Once R is installed on your computer, start R as you would any program on your computer. For example, the icon for the R.app as it appears in the dock on a MacBook is shown in Figure 1.

macbook dock

Figure 1. R.app icon shown on a MacBook dock.

To point R to our working folder, there are several options. For now, we’ll go with writing and submitting a simple function in R. Recall that R has a command-line. The R prompt appears on the command line in the RGUI as the greater-than typographical symbol “>” at the beginning of a line (Fig 2). The prompt is returned by R to indicate the interpreter is ready to accept the next line of code.
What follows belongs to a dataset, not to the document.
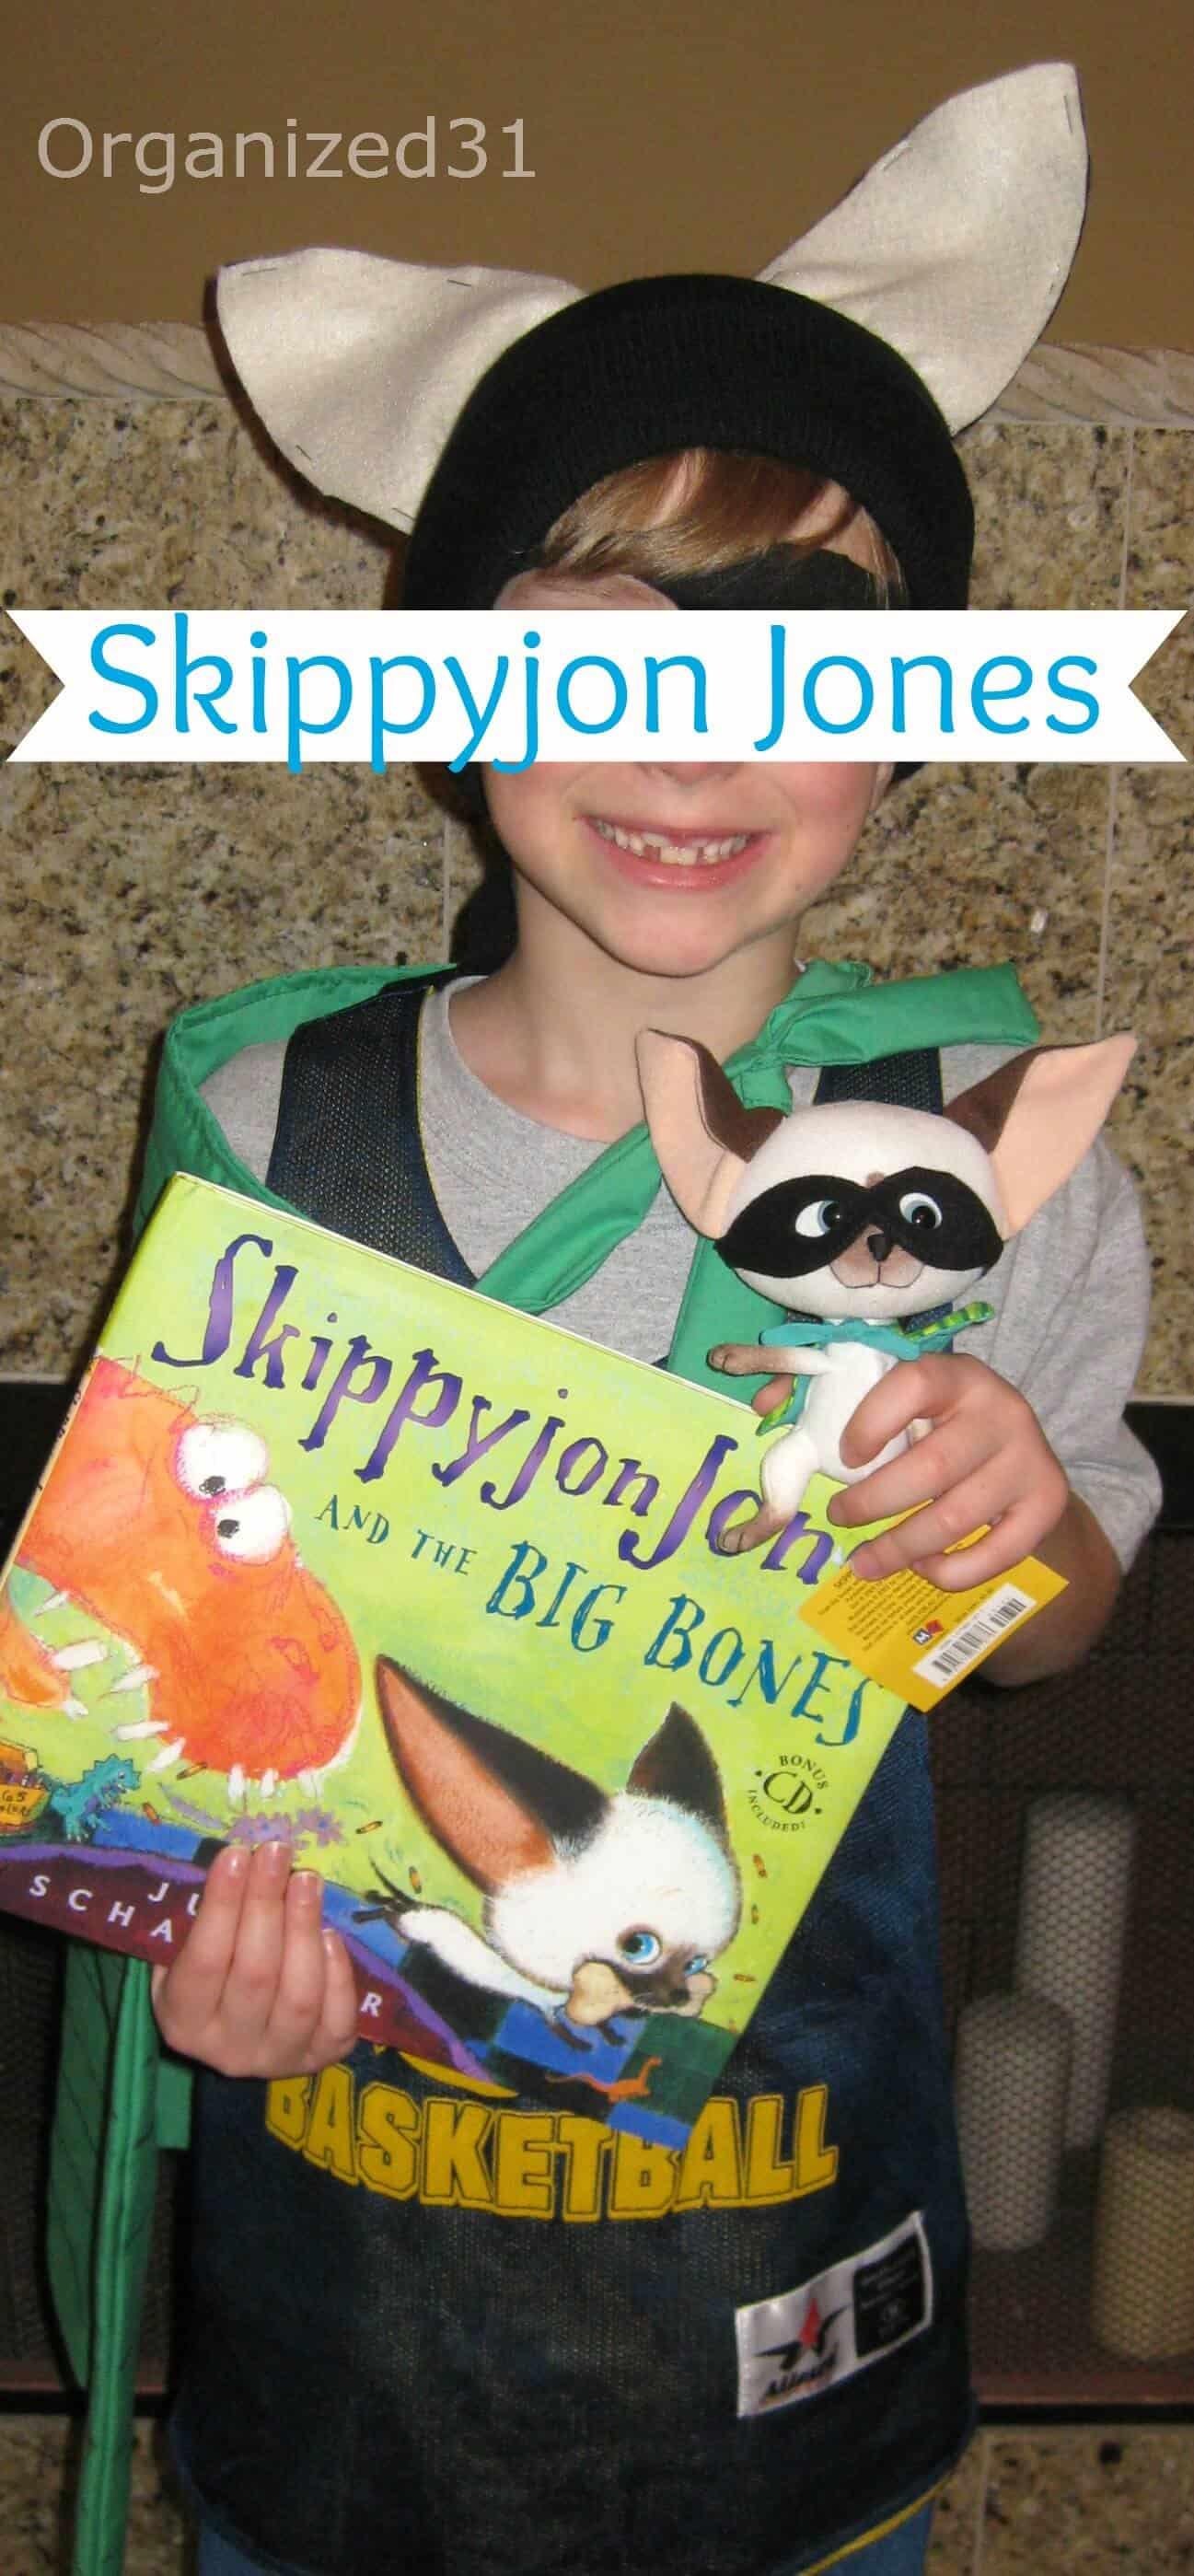 SkippyJon Jones Costume - Organized 31

First, discover where R is pointing to by submitting (type the command exactly as written then select the enter/return key) the function getwd() at the prompt. On my macbook, R returns

> getwd()
[1] "/Users/[username]/Documents"

To point to my working folder, I submit setwd("/Users/[username]/Desktop/BI311". When I run getwd() again, R returns the update

> getwd()
[1] "/Users/[username]/Desktop/BI311"

Note: Windows users will recognize that, unlike macOS and Linux, they will need to write paths with the backslash, not the forward slash. This is discussed further in Mike’s Workbook.
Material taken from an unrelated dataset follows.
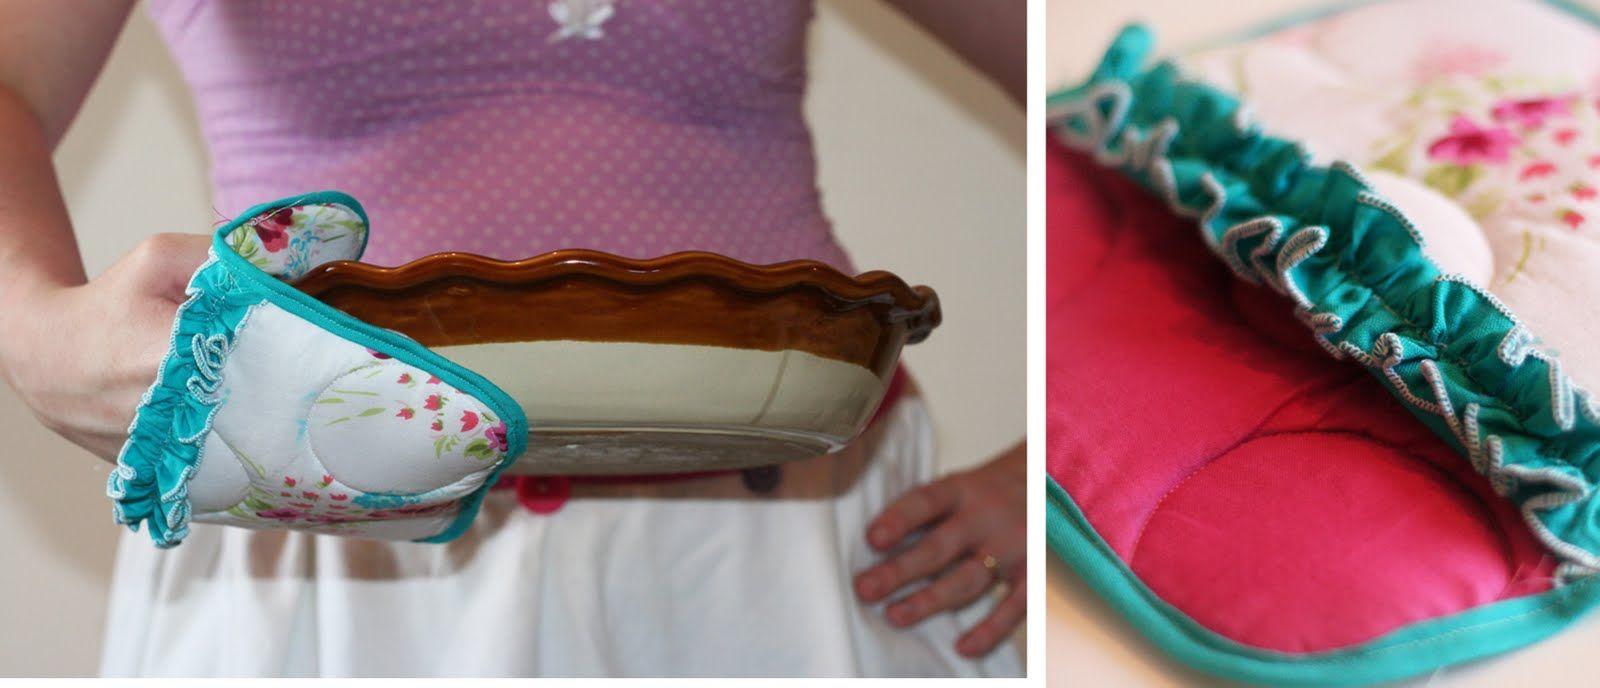 Ruffled Pocket Potholder Tutorial | Jessica Peck

[username] is just a place holder here — no reason to share my actual user name!

Ready to do some work?

Where discussion requires reference to instructions on use of the R programming language, R code (instructions) the user needs to enter at the R prompt are shown in code blocks.

Courier New font within a “code block.”

Until you write your own functions, the general idea is, you enter one set of commands at a time, one line at a time. For example, to create a new variable, curry.points, containing points scored by the NBA’s Steph Curry during the 2016 playoffs, type the following code at the R prompt (displayed as >, the “greater than” sign)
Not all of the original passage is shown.